The Amazon Tax

Amazon is practically the only place I shop. That is not meant as a boast. It is actually pretty embarrassing, not to mention, hypocritical and kind of immoral with all the sweatshop warehouses they’re running. But I get free shipping (yes, even to Guatemala but that is because I’m taking advantage of a loophole, again, not very ethical). It is easy to forget that Amazon’s competitive edge doesn’t really come from exploiting its workers. That is hardly unique. It comes from their ability to avoid paying state income taxes.

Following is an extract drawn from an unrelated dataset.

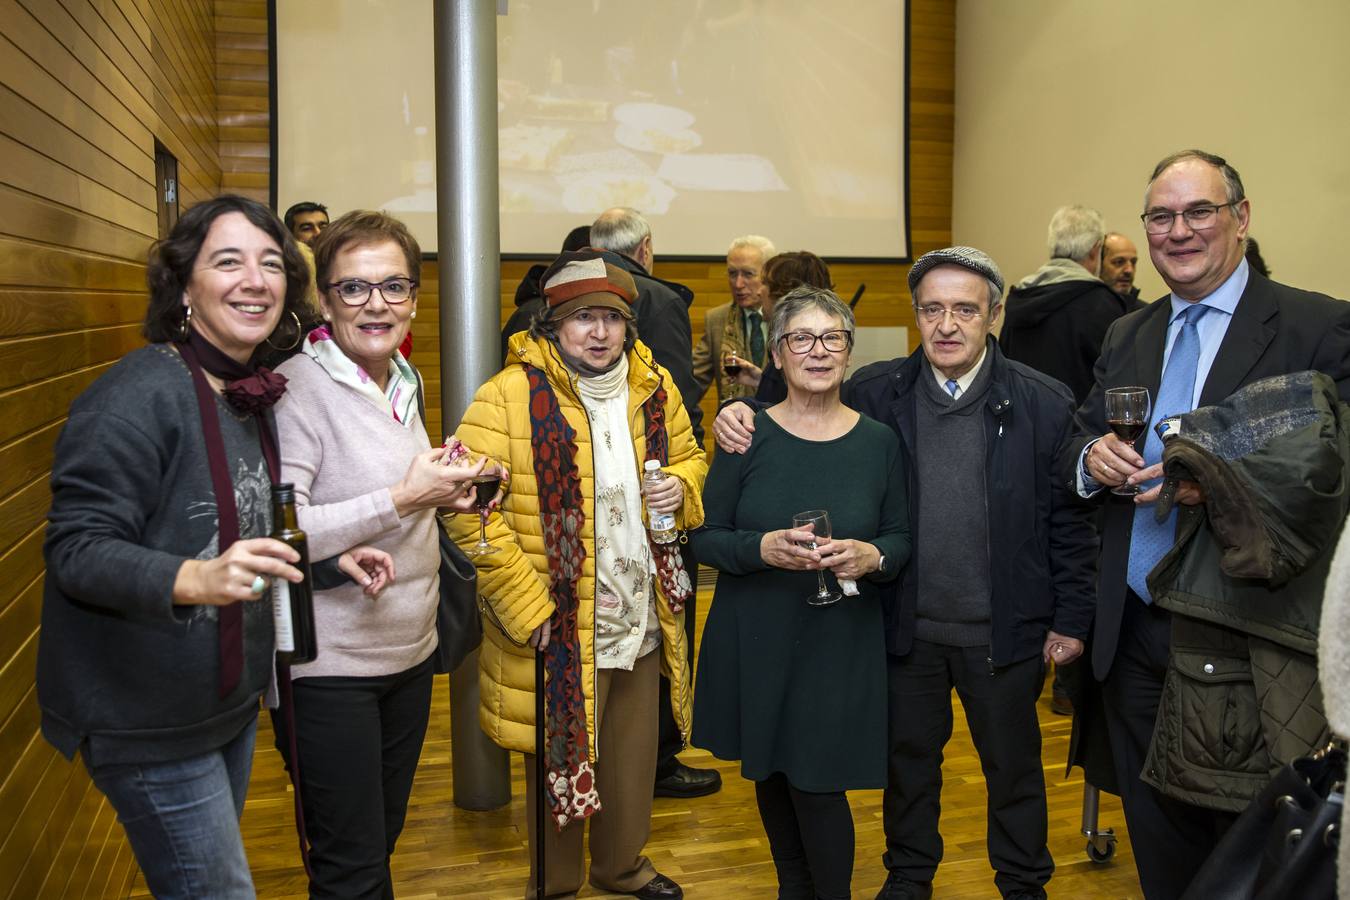 En este acto en la Asociación de la Prensa se ha homenajeado a la periodista Teresa Alonso, recientemente prejubilada de Radio Rioja, así como se ha recodado a Emilio Ramírez, de Diario La Rioja, quien falleció el pasado 22 de diciembre. Además se ha dado la bienvenida a doce nuevos asociados
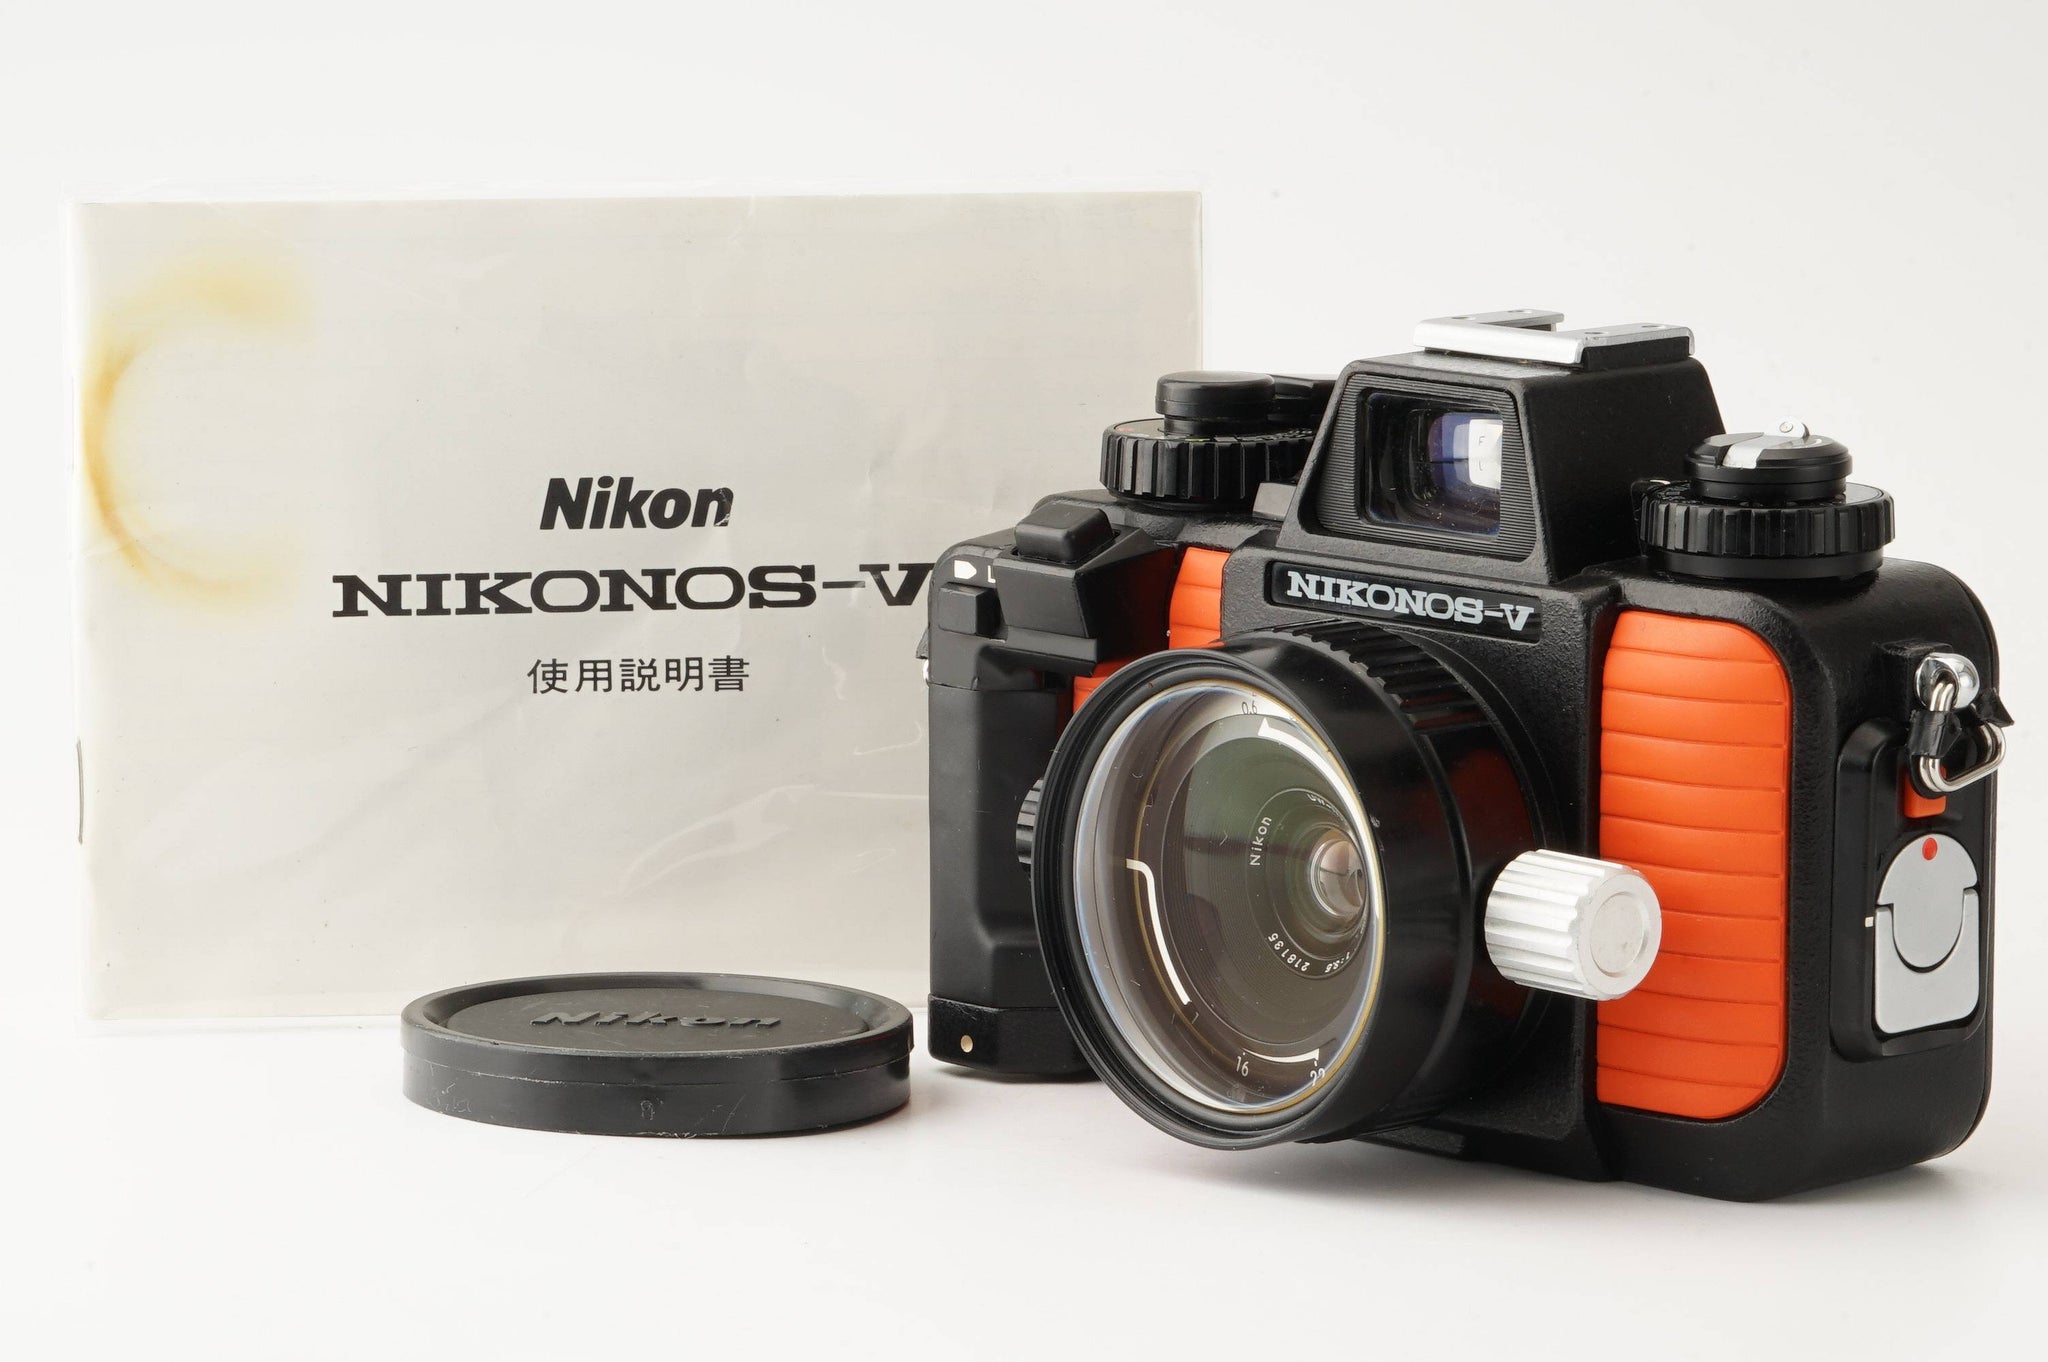 フィルムカメラNikon NIKONOS Ⅴ NIKKOR 35mm 28mm - フィルムカメラ

Now that a few states have enacted online sales taxes, some academics at Ohio State crunched the numbers to see if Amazon sales were hurt by the tax. The paper was highlighted by Chris Blattman at his blog but I wanted to draw some attention to it. Five states started taxing Amazon in 2012 and 2013—New Jersey, California, Pennsylvania, Texas and Virginia. The authors found that the tax did change people’s choices. Amazon purchases (by dollar value) dropped by almost 10%. The decline was steeper for bigger purchases, suggesting that people were making the choice based on taxes. At the same time, purchases to local, physical stores increased by 2% and purchases at non-Amazon online stores increased by 20%.

Congress is currently debating the Marketplace Fairness Act that would make it possible for all states to collect sales tax on internet purchases. States are especially in need of revenue and since regressive taxing is all the rage, this seems like a good bet. Raise the sales tax. Legalize casinos. But don’t ever raise taxes on the wealthy or close some corporate tax loopholes. Spain did it. And look how great it worked for them. In the height of the crisis (26% unemployment) they nearly tripled their sales tax on a lot of staple goods (school supplies went from 4% sales tax to 21%) while lowering the taxes on yachts. But again, that little rant aside, they should at least make Amazon play by the same rules as everybody else.

So an Amazon tax is good. If for nothing else than to try to put a small dent in their monopoly power. Then again, now that you can watch Game of Thrones on Amazon Prime, it might be too late.